По-русски самый известный роман Каффки – Цвета и годы – вышел в 1979 году в переводе Олега Россиянова, но, увы, как и многие достойнейшие тексты венгерской культуры начала XX века (часто в очень приличных переводах), растворился в море «литературы стран народной демократии» вместе с классическими для венгерского читателя текстами Дюлы Круди, Деже Костолани, Михая Бабича и многих других авторов журнала Нюгат.
Оксана Якименко
Мыслители
Перевод Наталии Дьяченко
Их было двое: студенты с пылким воображением, умные, высокомерные и сильные. Молодые, одинокие, уверенные в себе и красивые юноша и девушка – и вот однажды они встретились.
*
Девушка совсем недавно переехала в Пешт. В жизни она знала только книги. В детстве ей так часто твердили: «Ты уродина!» – что потом, когда стали обращаться по-другому, она уже не верила. С самого начала она сталкивалась лишь с печальными вещами и боялась всего, что весело и приятно. А это всегда играет с человеком злую шутку. Девушка знала: только книги неизменны, верны и надежны. И чуть-чуть спесивы – это она тоже в них любила.

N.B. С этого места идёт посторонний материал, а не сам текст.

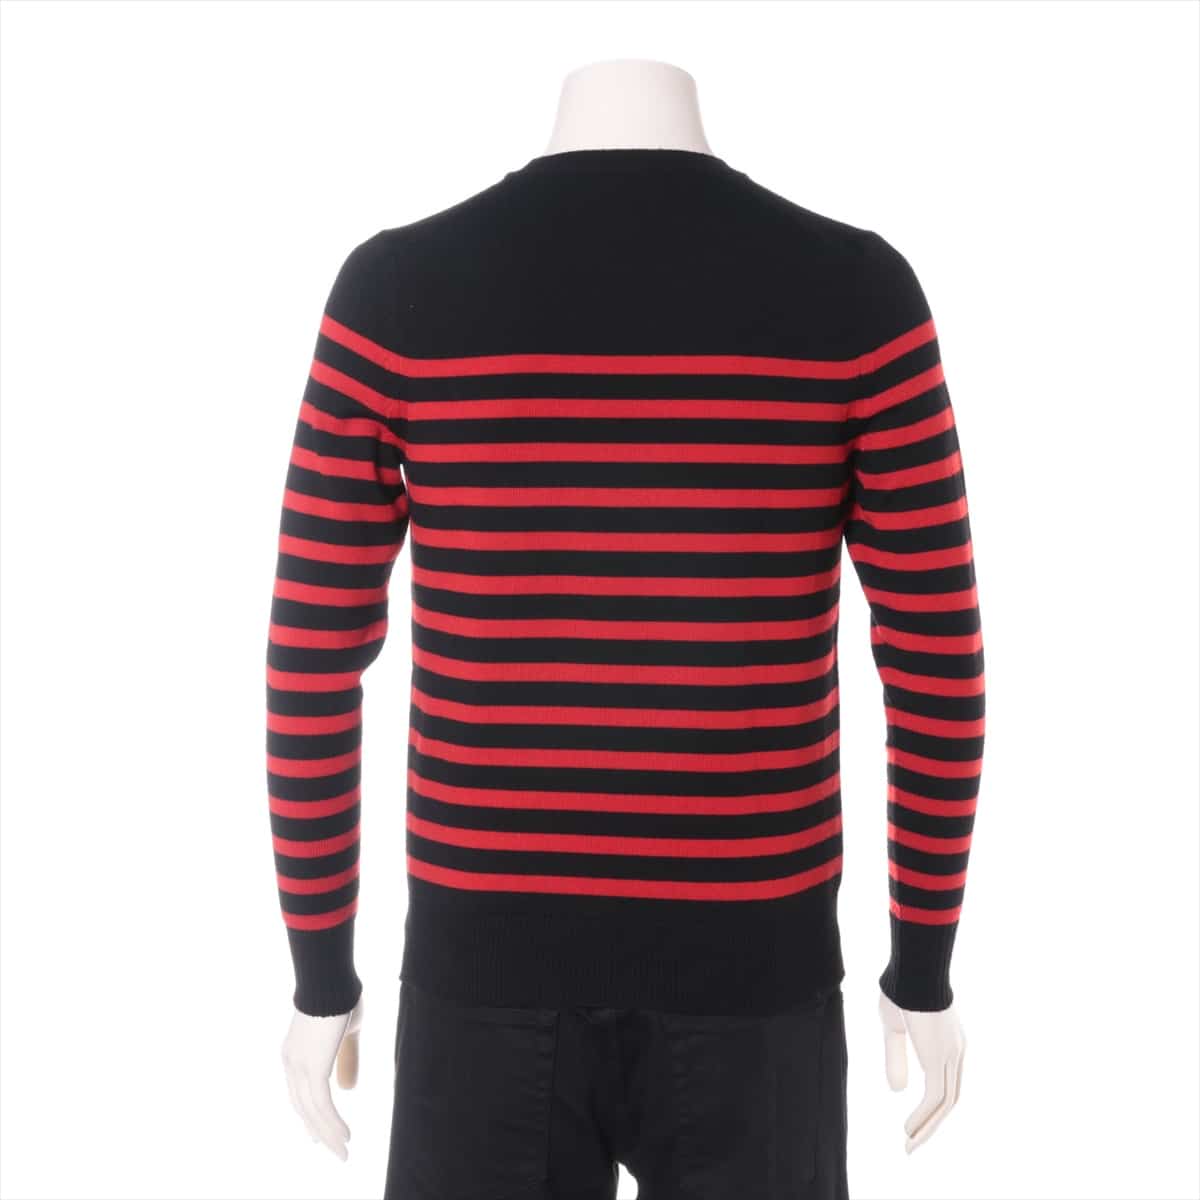 Saint Laurent Paris 17 years Wool Knit XS Men's Red x Black  459986

Молодой человек учился в городе уже несколько лет – и не только по книгам. Он легко справлялся со всем в жизни – иногда с такой неудержимой быстротой и такими извилистыми путями, что это казалось почти нездоровым. Бедняга вился чистым чертом и порой не успевал спокойно подумать: он помнил только глубокое удивление, которое охватывало его каждый раз, когда ом ценой нешуточной борьбы вдруг добивался чего хотел, – за карточным столом, в фехтовальном зале, в гостях у женщины или в многослойных чертежах.
– Вам нужно познакомиться, – сказала милая, кроткая молодая женщина, которая приходилась юноше сестрой Так они и встретились однажды солнечным весенним утром.
*
Юноша только пришел с соревнований по гребле – а девушка еще была на службе. Она хотела помолиться в никому не известной церквушке в Буде – по ее суеверным представлениям, так было действеннее. Она пошла туда, чтобы поблагодарить небеса за особую милость: за то, что смогла приехать сюда из провинции и выучить много разных вещей, и за то, что не стала такой же несчастной, как другие женщины в семье, которые сначала очень кого-то любили, а затем выходили замуж – или выходили замуж до того, как успевали полюбить.
– Сегодня сюда кое-кто придет, – сказала, обнимая юношу, мама Иза, кроткая маленькая женщина двадцати лет. – Так и представляю, как вы будете философствовать.
Салон мамы Изы был свежим, юным и полным цветов.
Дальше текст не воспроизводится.